Presentation on theme: "USC Clinical Trials Office (CTO) Submitting your Studies to CTO For Processing Soheil Jadali Director, Clinical Trial Office."— Presentation transcript:
USC Clinical Trials Office (CTO) Submitting your Studies to CTO For Processing Soheil Jadali Director, Clinical Trial Office
Clinical Trials Office (CTO) CTO is responsible for pre-award portion of administrative management of clinical trials at USC. Transition from Pre-award to Post-award – Billing and Accounting Services Coordinating efforts with other units and departments involved in clinical trial management, including hospital billing and compliance office Study Activation Coverage Analysis Contract Review, Negotiation, and Execution Budget Development and Negotiation
Clinical Trial Initiation In True 2.0 If you have any problems with your True 2.0 access, or need to get a True 2.0 login account, please contact: Nancy Yi, Senior Programmer Phone: (323)865-7784 Email: firstname.lastname@example.org@med.usc.edu PI/Research Coordinator completes smart forms in True 2.0 and submits it to CTO. Based on responses provided, various groups participating in the study will receive automatic notifications (e.g. CTU, Pathology, pharmacy services). CTO will review the submission looking for all mandatory documents – i.e. study protocol, Clinical Trial Agreement, proposed sponsor budget, and informed consent form.
Clinical Trial Initiation In True 2.0 Cont.…. These are your choices, If you are submitting a Sponsor-Initiated study that will be funded by the sponsor.
Clinical Trial Initiation In True 2.0 Cont.…. This is your choice, If you are seeking funding for a PI-initiated study or a Sponsor-Initiated study for which sponsor is not providing the study costs.
This form is an important part of your submission, because it provides information needed to make sure all costs associated with this study (e.g. CTU, lab services, etc…) are covered In our final study budget. Also, there are automated notifications that will go out at a result of your selections on this page.
Clinical Trial Initiation In True 2.0 Cont.…. Depending on specifics related to the protocol and the study there may be some additional documents needed for CTO processing. These include lab manual, imaging manual, and additional documents that are referenced in the study protocol.
Clinical Trial Initiation In True 2.0 Cont.…. You are not done submitting yet…..
It is very important for your to monitor your True 2.0 “My Inbox” page within the 24-48 hours from your submission. If/when there are issues with your submission, CTO will send back your submission to “Returned to Presubmission” status in order for you to make the required adjustments. You will receive a notification email about this as well.

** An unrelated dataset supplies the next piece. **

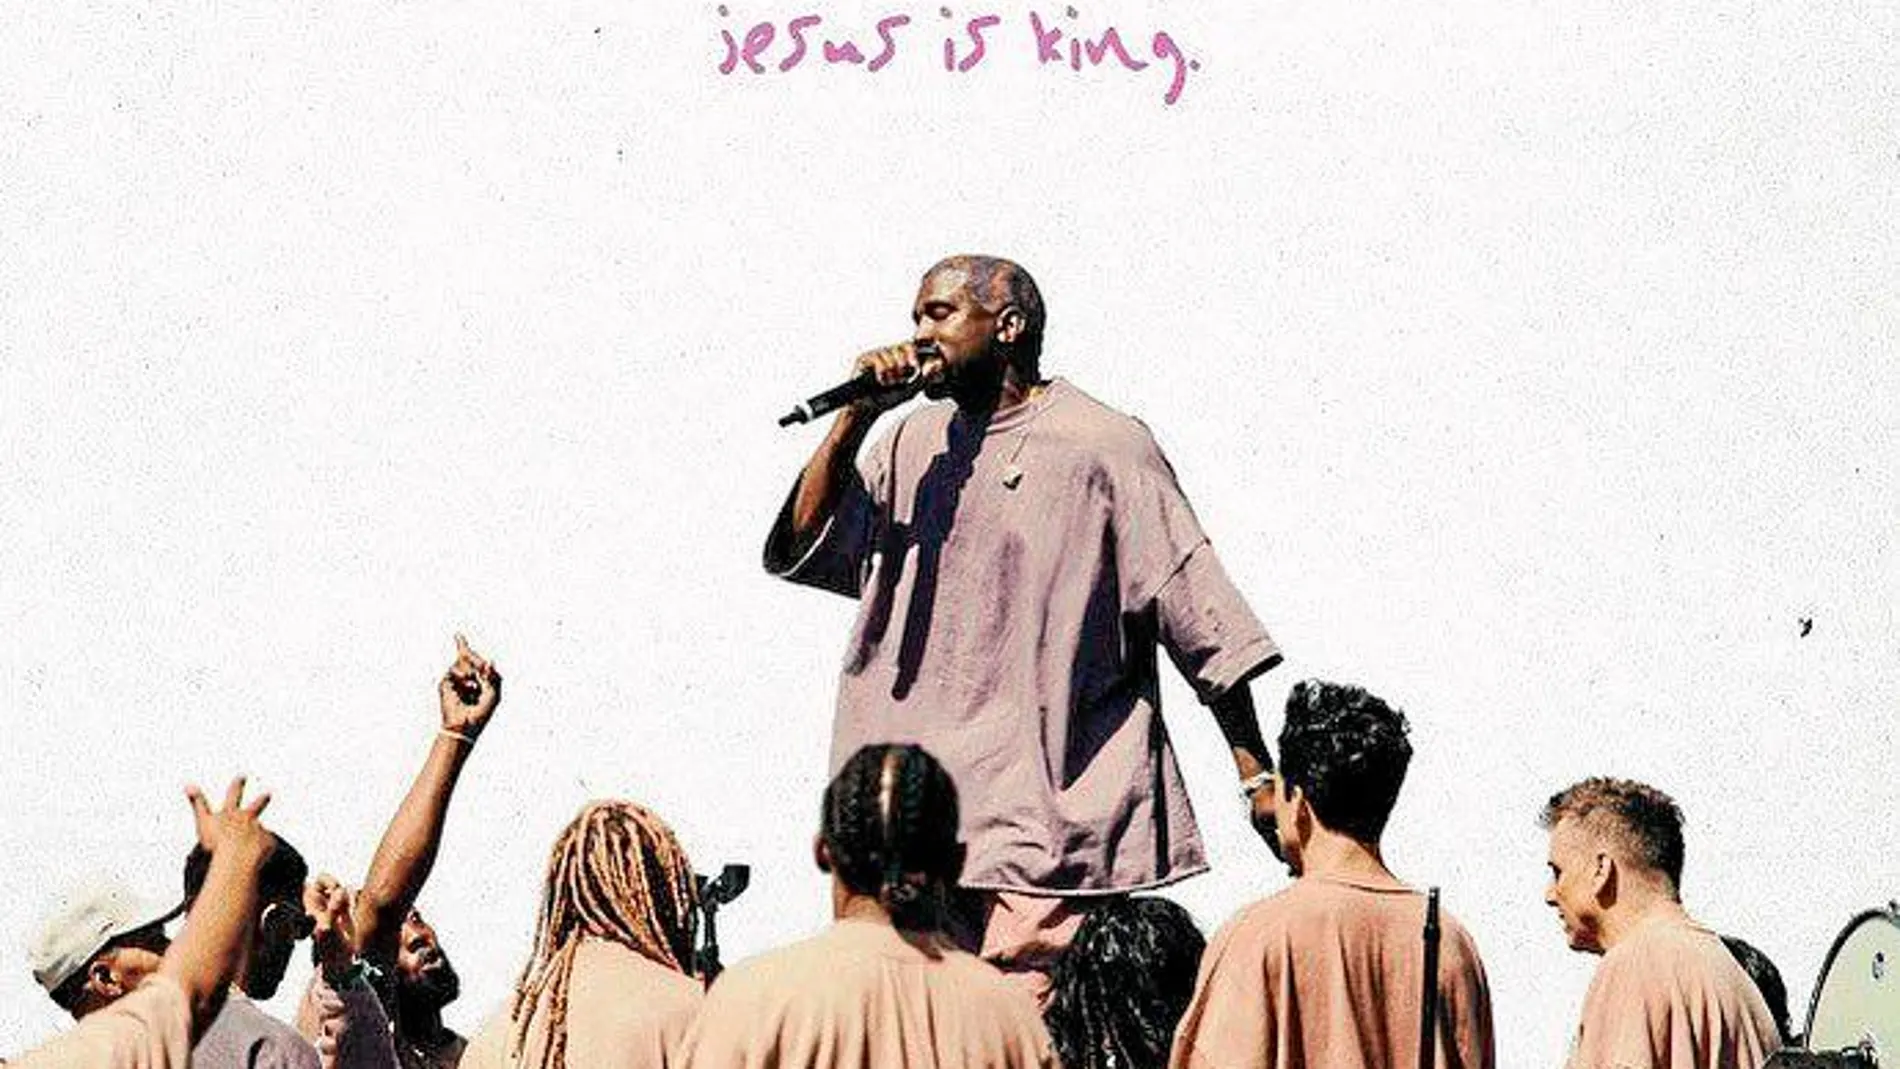 Una imagen del anunciado y pospuesto trabajo de Kanye West, «Jesus Is King», que podría ser una misa o un sermón discográfico

TRUE 2.0 Notification Subject: Trial Submission accepted by HRA To: Rebecca Simms From: Soheil Jadali Regarding: FP00000853 - Test_SC9678 Status: Awaiting Contract and Budget Description: Your study submission has been accepted by HRA on 2/7/2014 1:25 PM. If additional documents are needed, you will be notified. Once CTO accepts your submission, you will receive an email notification such as the example below.
CTO’s Processes and Study Activation CTO Processes Contract Terms are Negotiated. CA & Budget are completed. Compliance Approvals IRB and other compliance approvals are in place. CTO conducts IRB Consistency Checklist Study Activation Contract Manager will route the CTA for final signatures. Fully executed CTA including the final budget + Final CA + IRB consistency checklist + IRB approval = Study activation
Transition from Pre-award to Post-award Final executed CTA is sent to Kuali Coeus (KC) entry. Final Agreement and budget information is entered in IRIS. Final documents are sent for TRUE: Trial Registration Update Entry – is a database maintained by SPA/Clinical Trials, which contains, study participant information, study calendar, research order form and Medicare coverage for clinical trials.
Special Topics FDA 21 CFR - Part 11 Compliance This refers to FDA requirement to have technological & procedural controls to protect study data. Please contact your CTO Contract Manager contact, if you receive a Part 11 compliance request from sponsors. Hospital VAC Form – Value Analysis Committee It is required for Device Studies. Research Coordinators are responsible for submitting the VAC form for review and approval. CTO requires the approved VAC form in order to confirm hospital’s approval for MCA/billing purposes. Study Data Storage & Associated Costs Budgets should include the cost of study data storage and record retention. This is especially important, when sponsors ‘ data storage and record retention is longer than FDA mandated periods (i.e. two years after FDA approval or study abandonment). Please work with your designated Budget Specialist at CTO to include these costs in studies final budgets.